- [INFORMATION SHOWN]
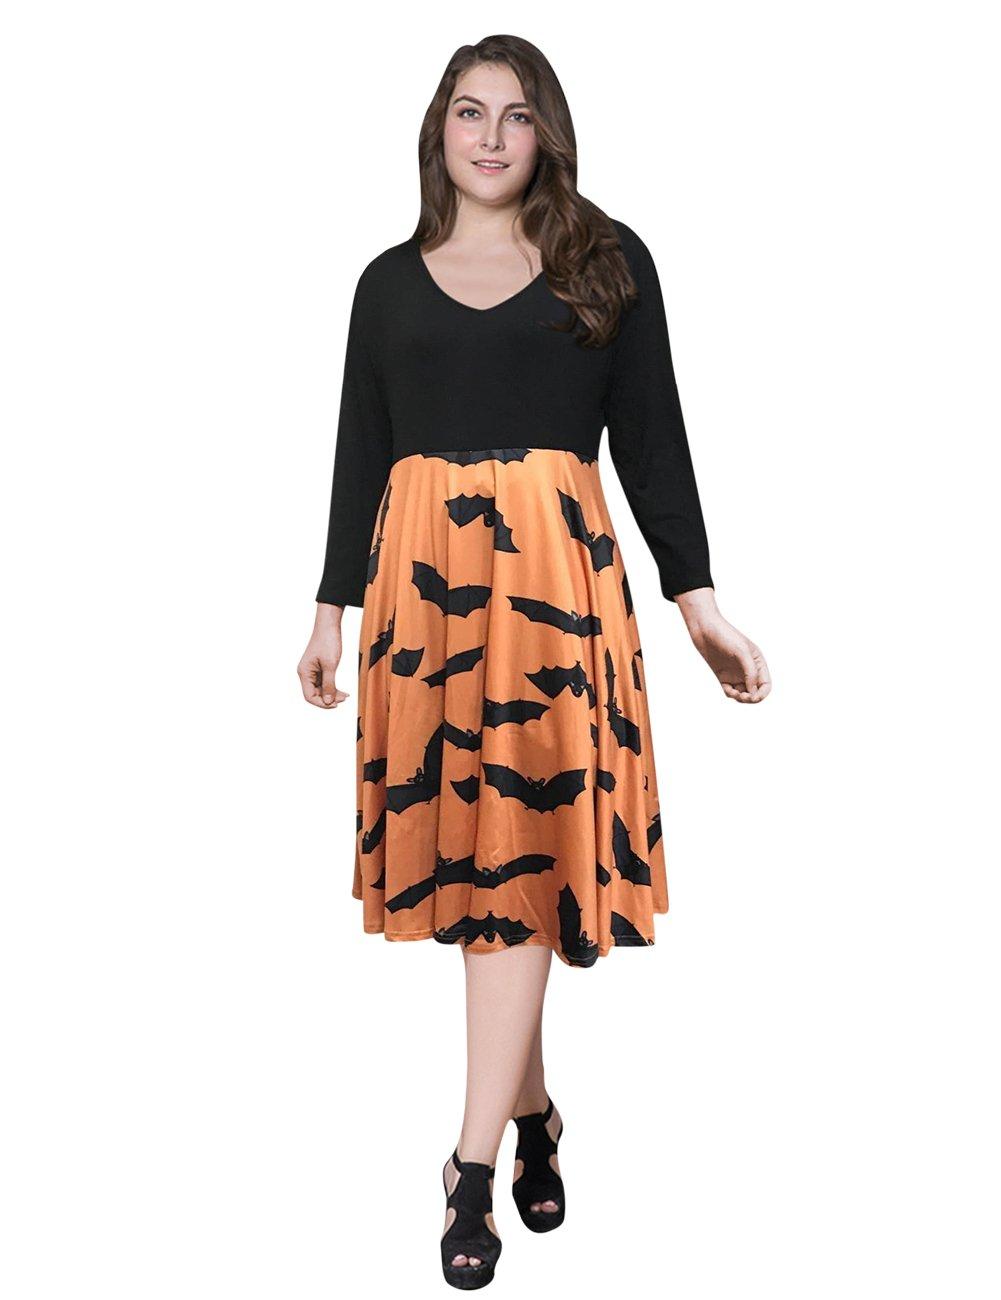 AMZ PLUS Women Plus Size 3/4 Sleeve Swing Party Casual Dresses Orange 4XL
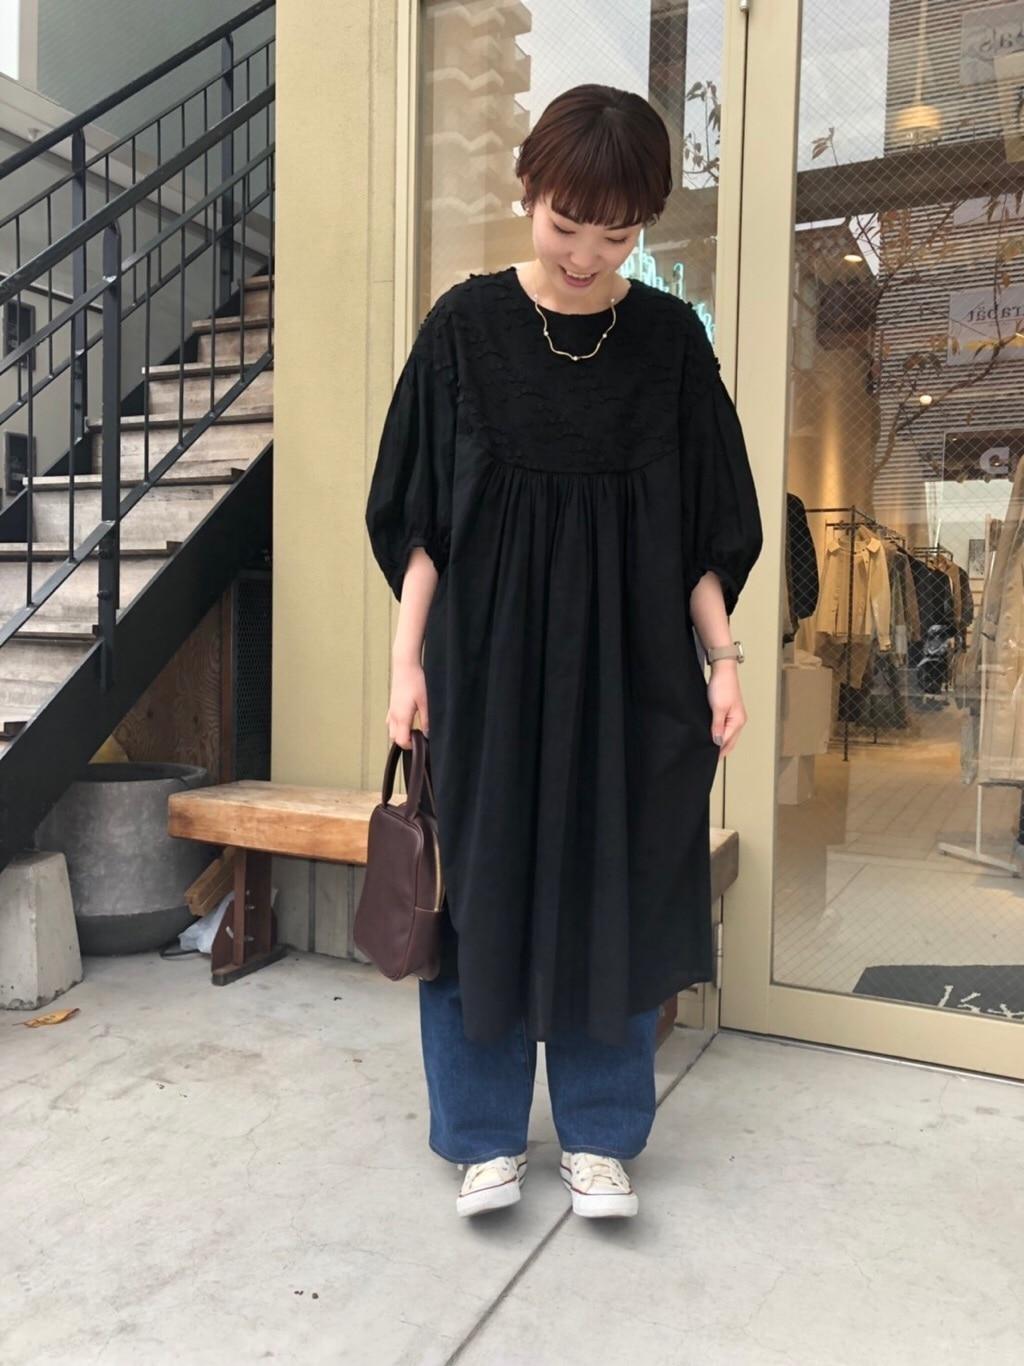 l'atelier du savon 名古屋栄路面 身長:161cm 2020.02.01
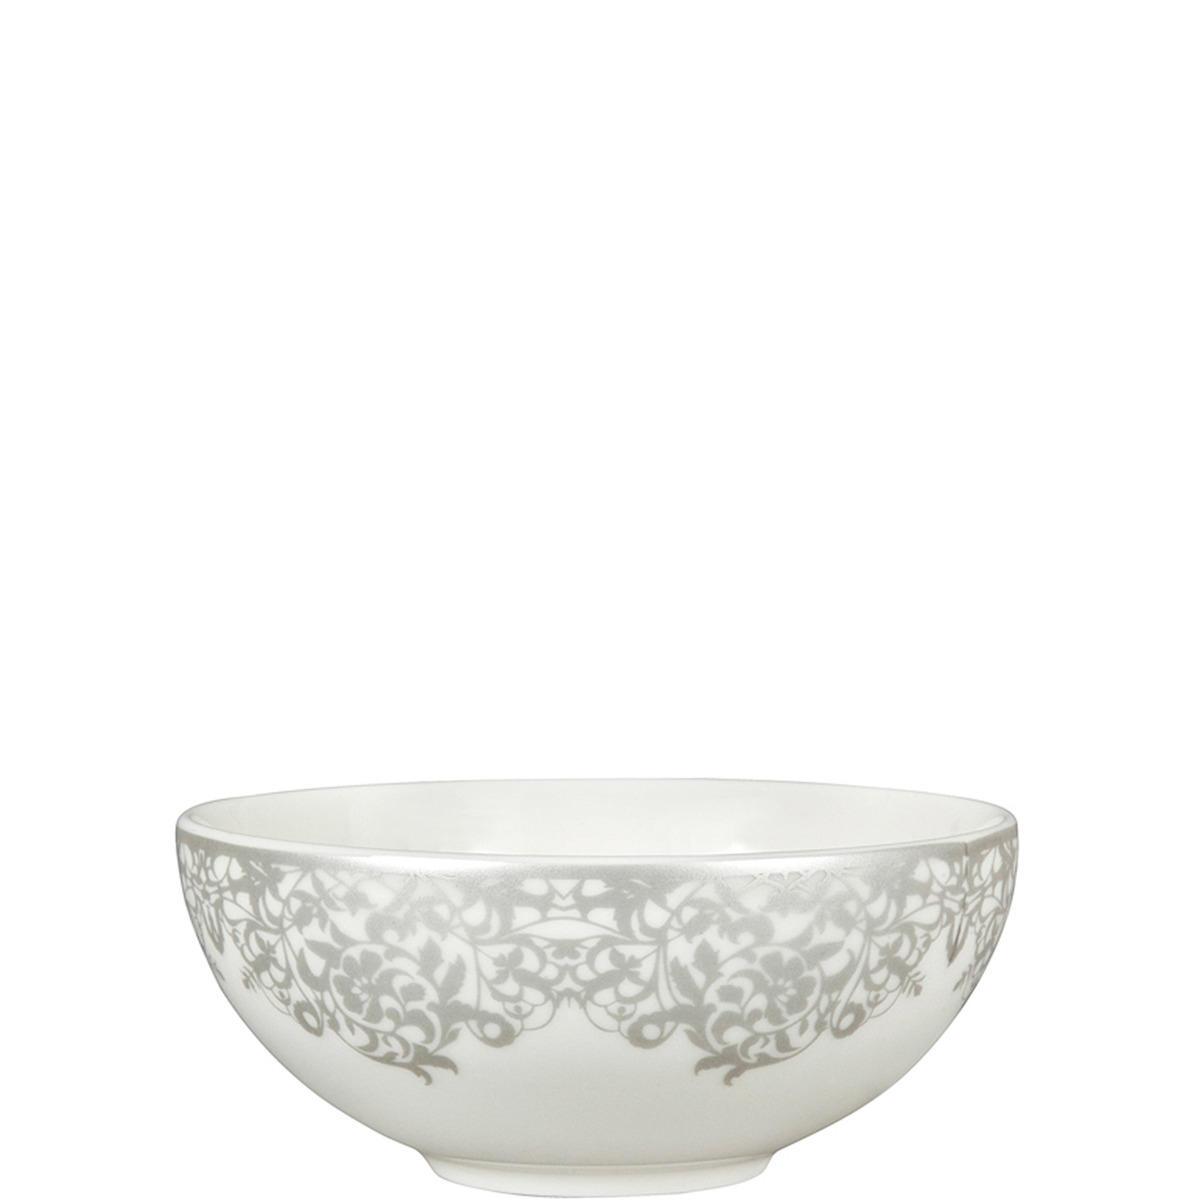 120709903: Monsoon Filigree Silver Dessert Bowl

- [ACTIVITY] Word for word, repeat the lines of data above, omitting every picture.

- [RESULT]
 AMZ PLUS Women Plus Size 3/4 Sleeve Swing Party Casual Dresses Orange 4XL
 l'atelier du savon 名古屋栄路面 身長:161cm 2020.02.01
 120709903: Monsoon Filigree Silver Dessert Bowl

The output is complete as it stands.